# TPU's F@H team II



## hat (Sep 13, 2009)

I see the thread "TPU's F@H team" got locked. It reached over 250 pages so I can only assume it was locked because of the sheer massiveness of the thread, and so, I present you with a continuation of the origional. Go forth and talk everything F@H!


----------



## newtekie1 (Sep 13, 2009)

Cool, I guess I'll pick up right where the old one left off then.



theonedub said:


> I just got Remote Desktop working on my HTC Raphael and its awesome. I get full access to my PC so now I can turn my 9800GT off or on depending on the temp from work and school- more PPD please



Careful when doing this with GPU clients running on Vista or Win7 and possibley XP. I have a similar setup, and when I remote into the computers, it causes the client to kill the work unit with an EUE, and you lose any work that has been done on the work unit.  It will cause the client to go into a loop where it will try to continue with a new WU, which will also get a EUE, and after it does that for a while the client will flag your machine as unstable and pause work for 24 hours.

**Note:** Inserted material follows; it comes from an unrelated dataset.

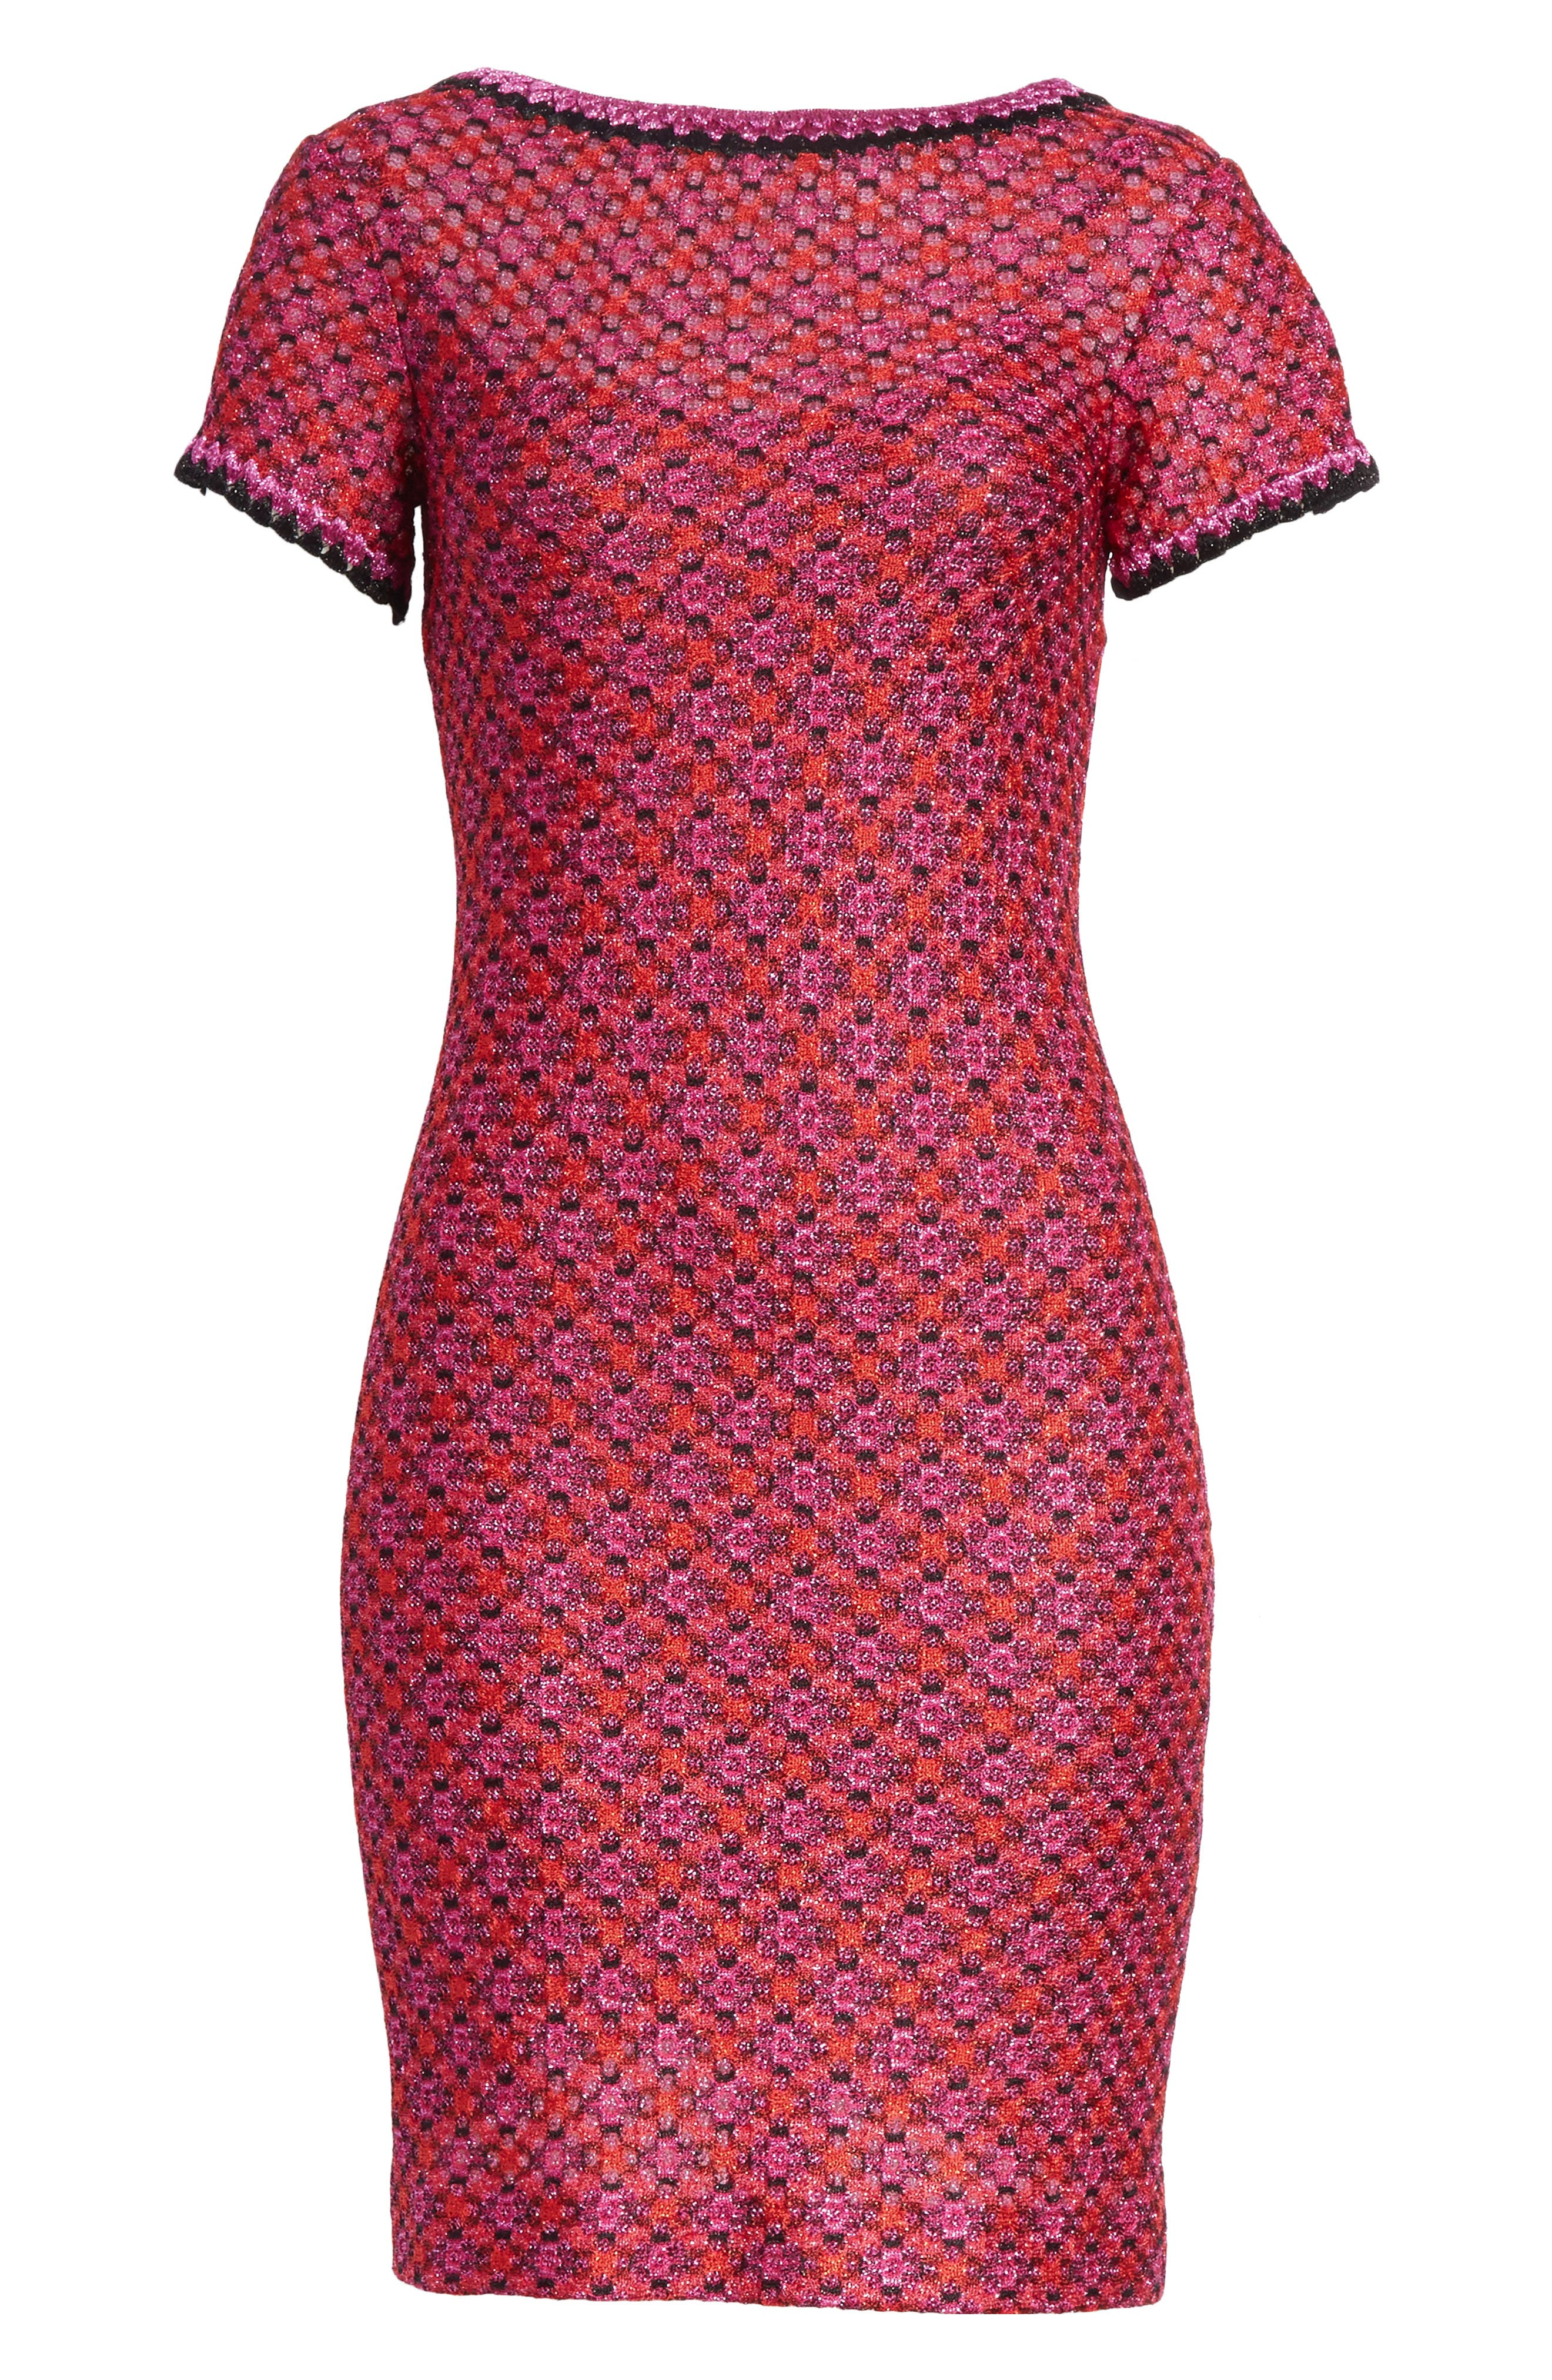 Metallic Zigzag Knit Dress,                             Alternate thumbnail 6, color,                             650

It has to do with Windows disabling the physical graphics card when you start a remote session, and using a virtual graphics card.

More Info here:
http://foldingforum.org/viewtopic.php?f=50&t=6442


----------



## DRDNA (Sep 13, 2009)

lol I just tried the GPU client and wow tallk about about heat and wattage ...LOL 
I could nt figure how to get it to run on all 4 GPU's ...only could get it running on main gpu

WOW you folders MUST be Rich as this is a wattage sucker upper!


----------



## BUCK NASTY (Sep 13, 2009)

Re-opened. Let's see if it auto-locks again.


----------



## El Fiendo (Sep 14, 2009)

Heh, this is what I was referring to in the PM Buck. I thought some serious stuff had gone down and locked the F@H main thread.


----------



## erocker (Sep 14, 2009)

I've never heard of threads getting "auto-locked." I'm sure somebody locked it. Don't know who, but it doesn't make sense. The original thread should be stickied.


----------



## theonedub (Sep 15, 2009)

I honestly though my comment about my PDA and remote desktop caused the lock  I was thinking "it was on topic wasn't it?" lol


----------



## PaulieG (Sep 15, 2009)

erocker said:


> I've never heard of threads getting "auto-locked." I'm sure somebody locked it. Don't know who, but it doesn't make sense. The original thread should be stickied.



Yeah Buck, I would sticky the thread asap.


----------